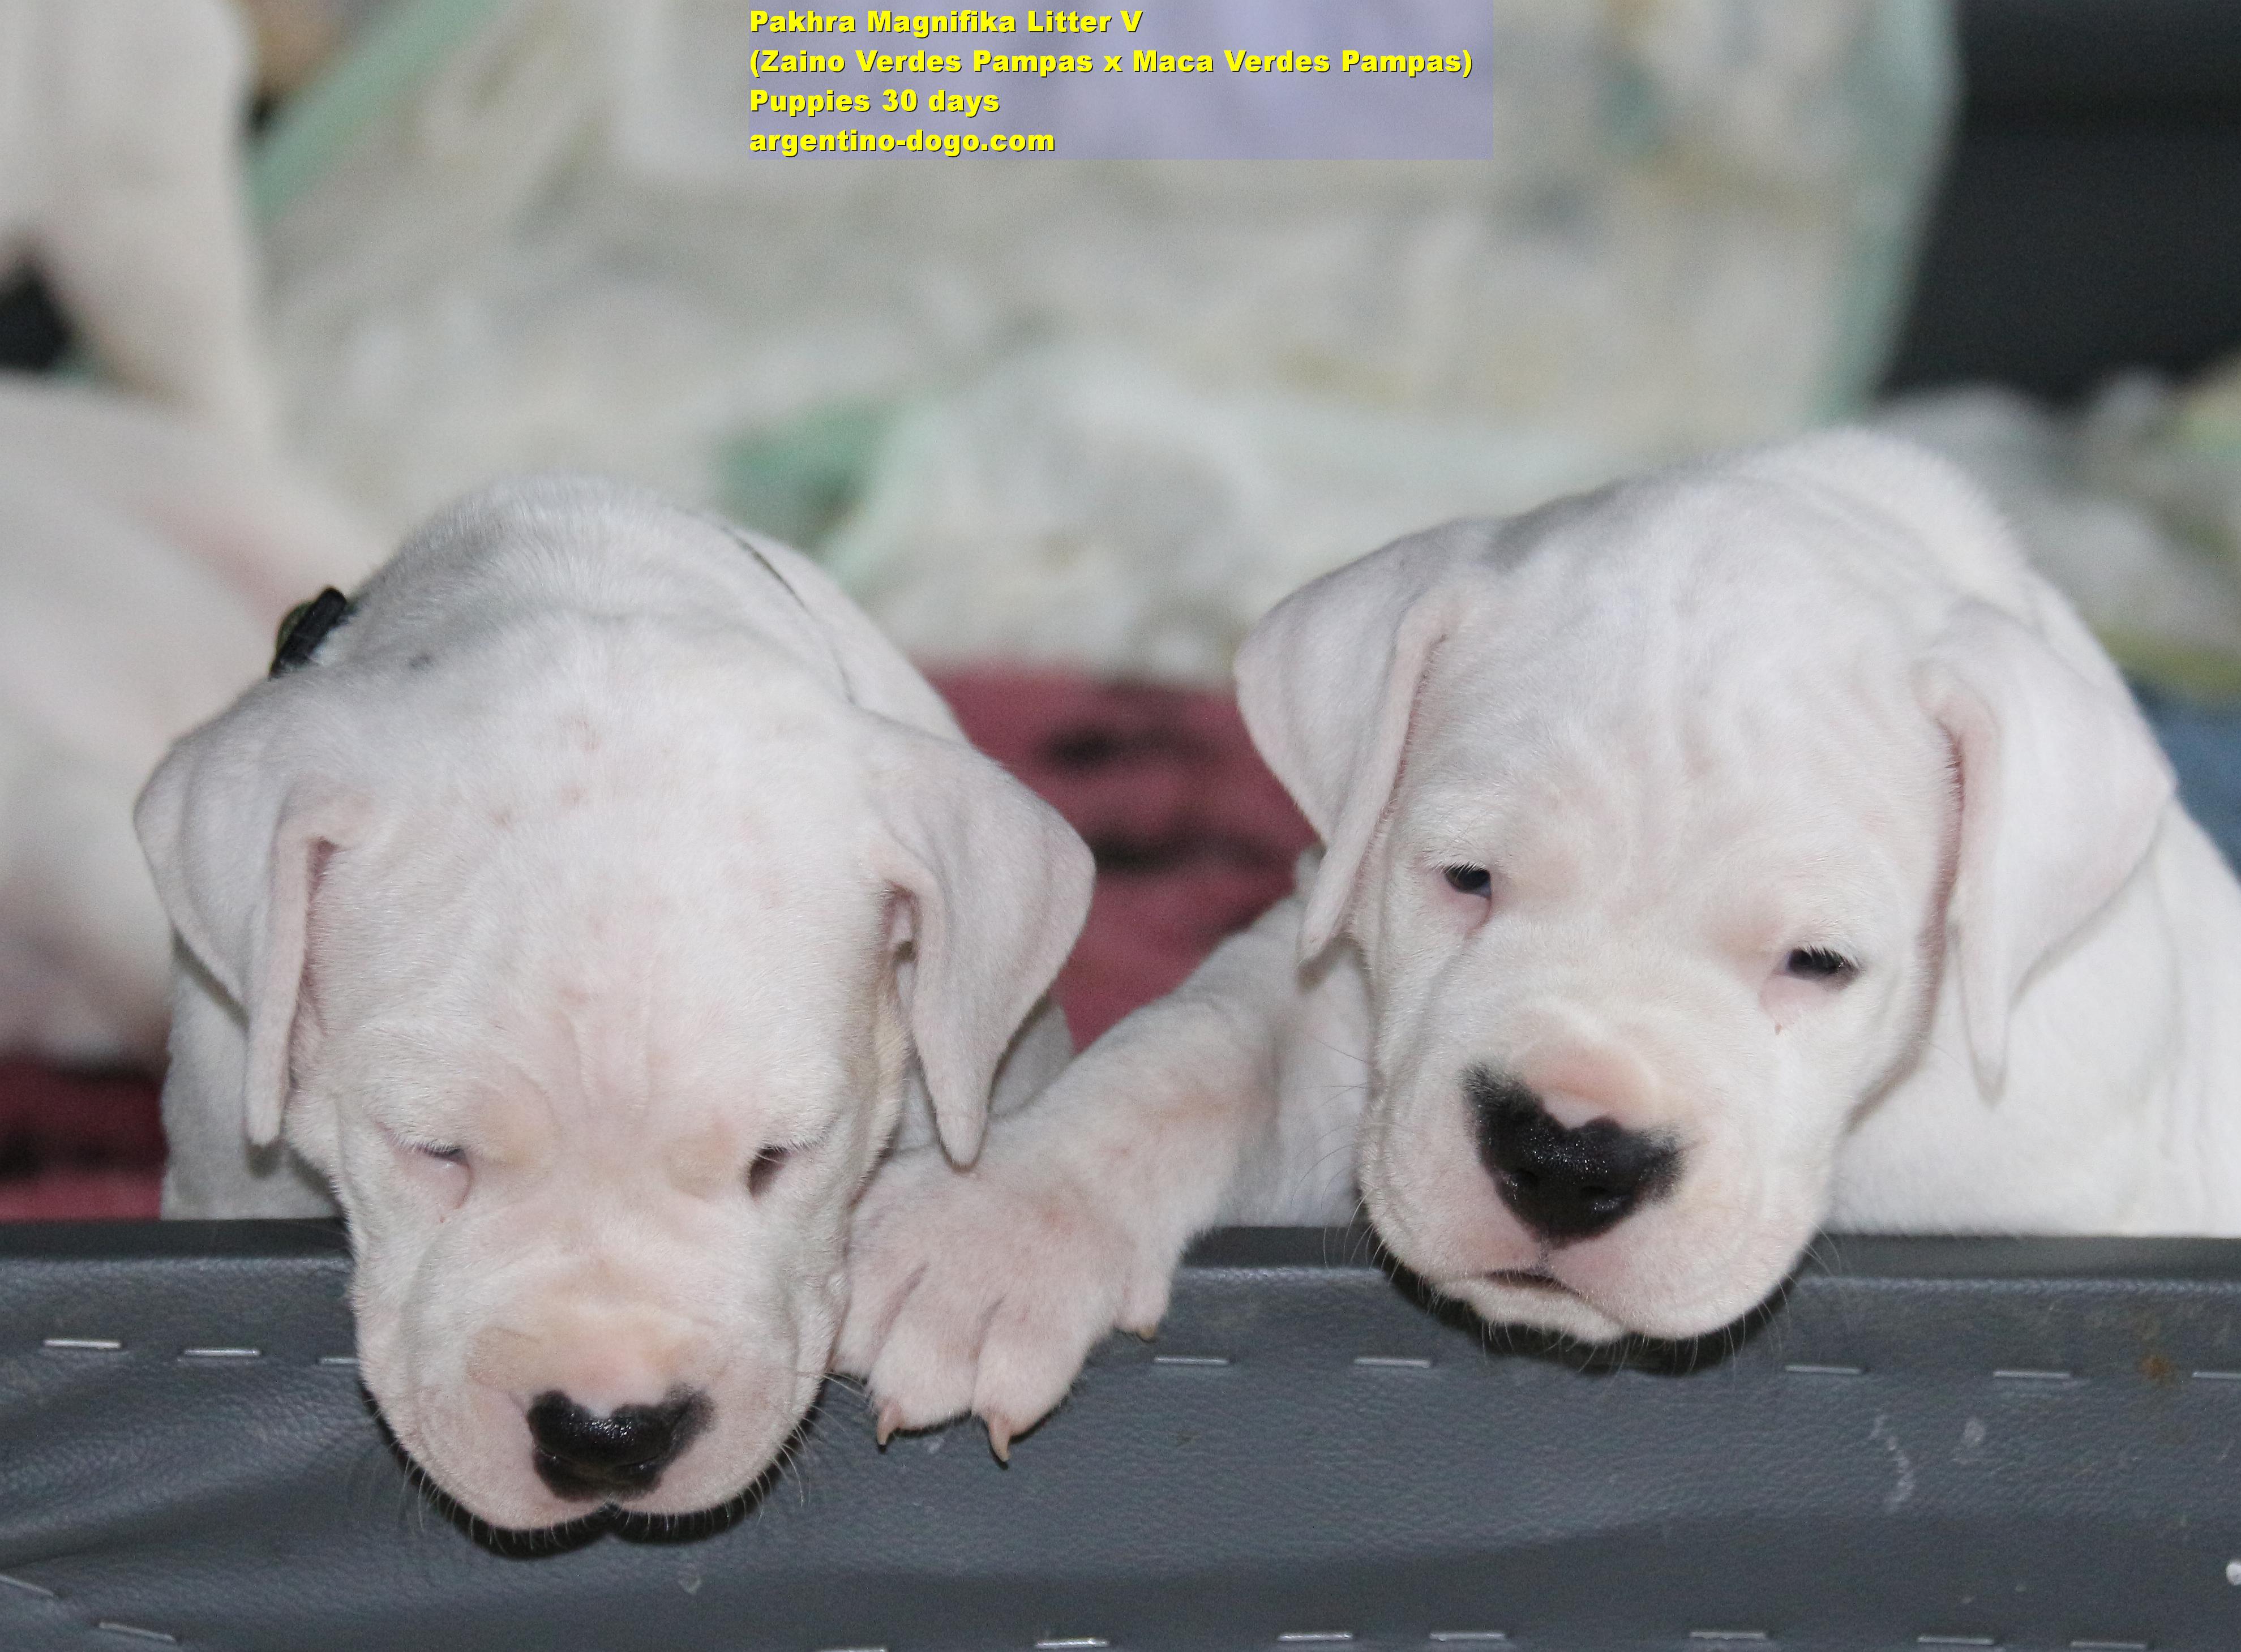 Pakhra Magnifika Puppies Litter V
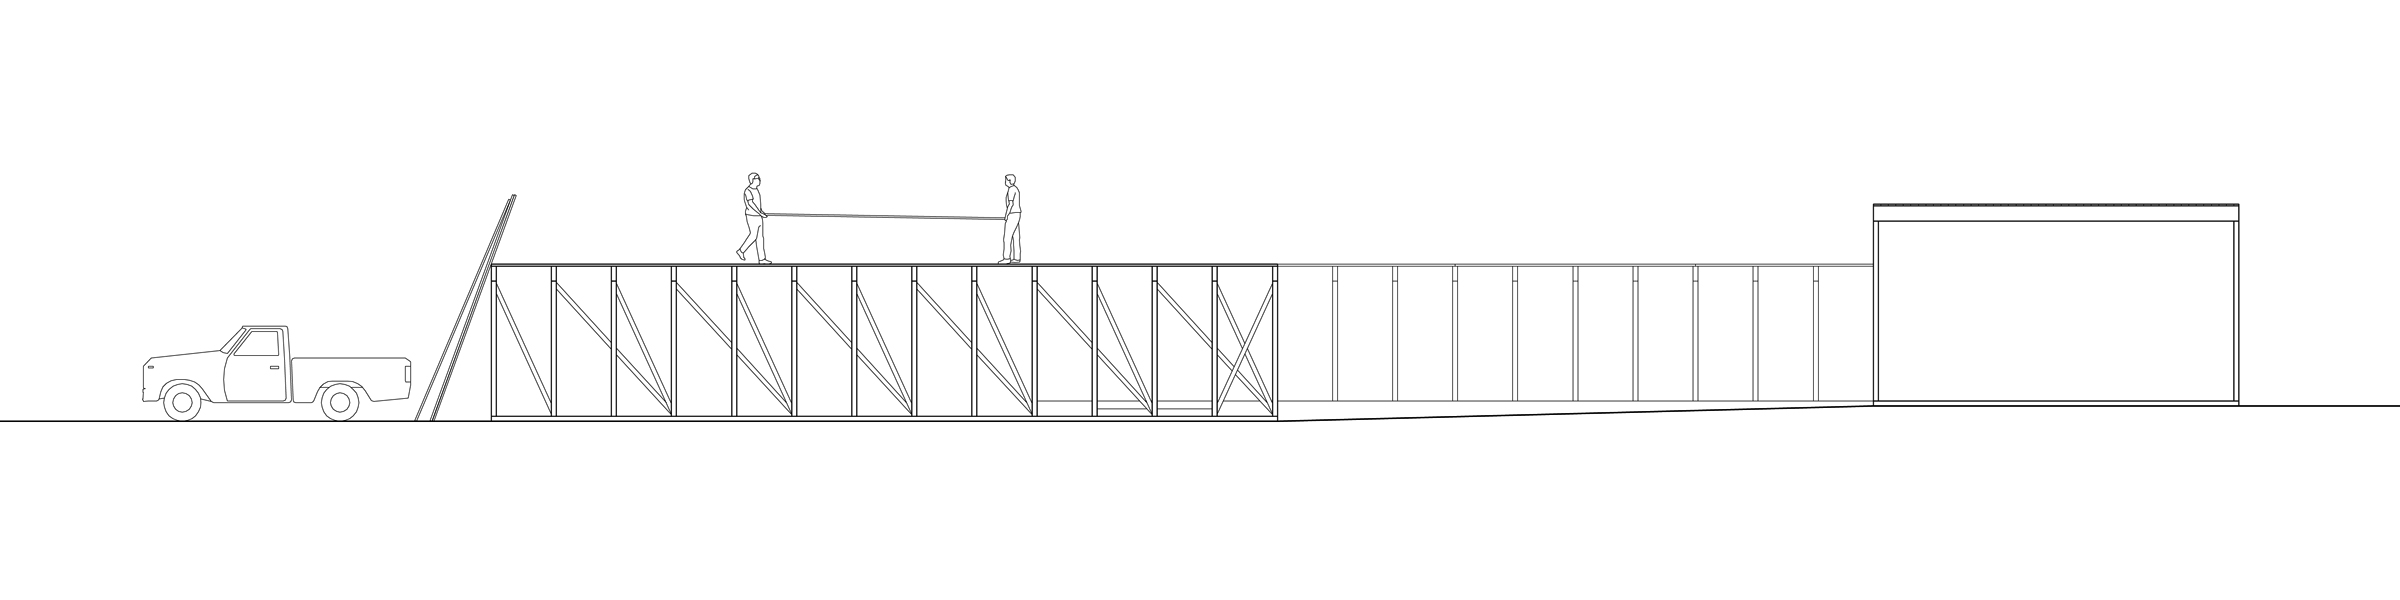 East Amazon Studio. East elevation, under construction
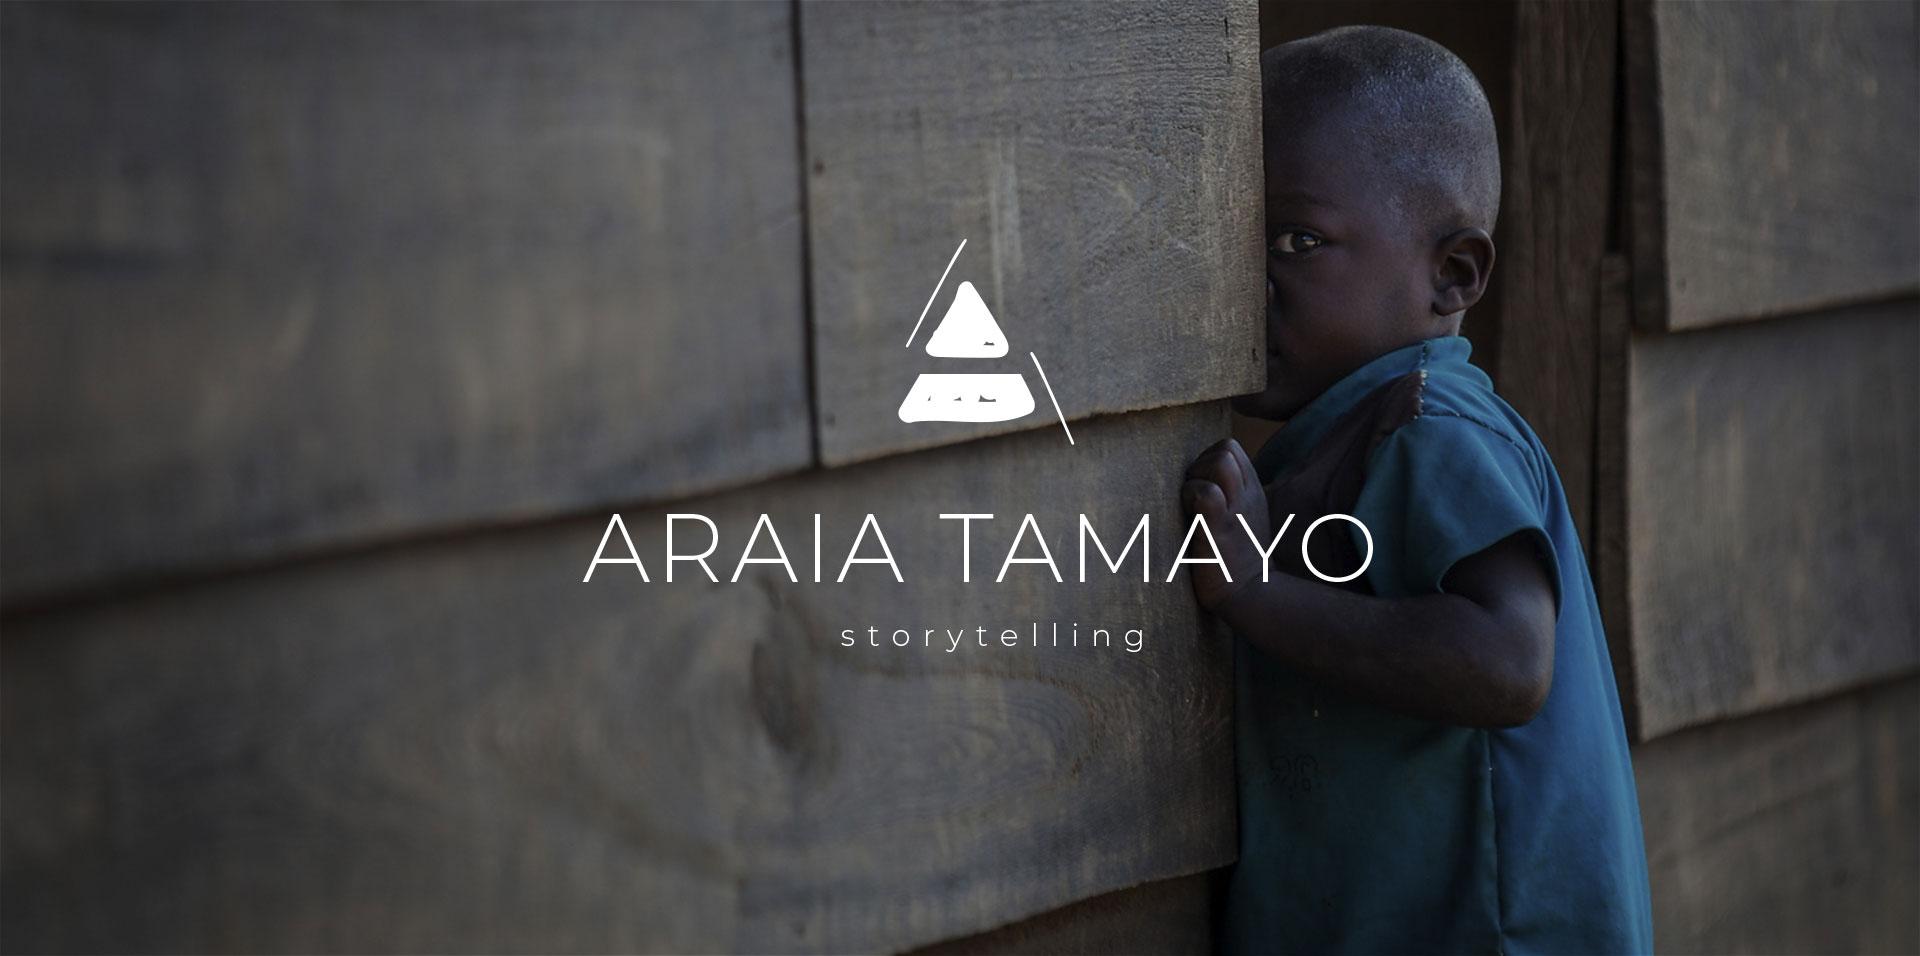 Branding Araia Tamayo

- _Prompt_
Omit the pictures and repeat the rest of the listing verbatim.

- _Response to the task_
 Pakhra Magnifika Puppies Litter V
 East Amazon Studio. East elevation, under construction
 Branding Araia Tamayo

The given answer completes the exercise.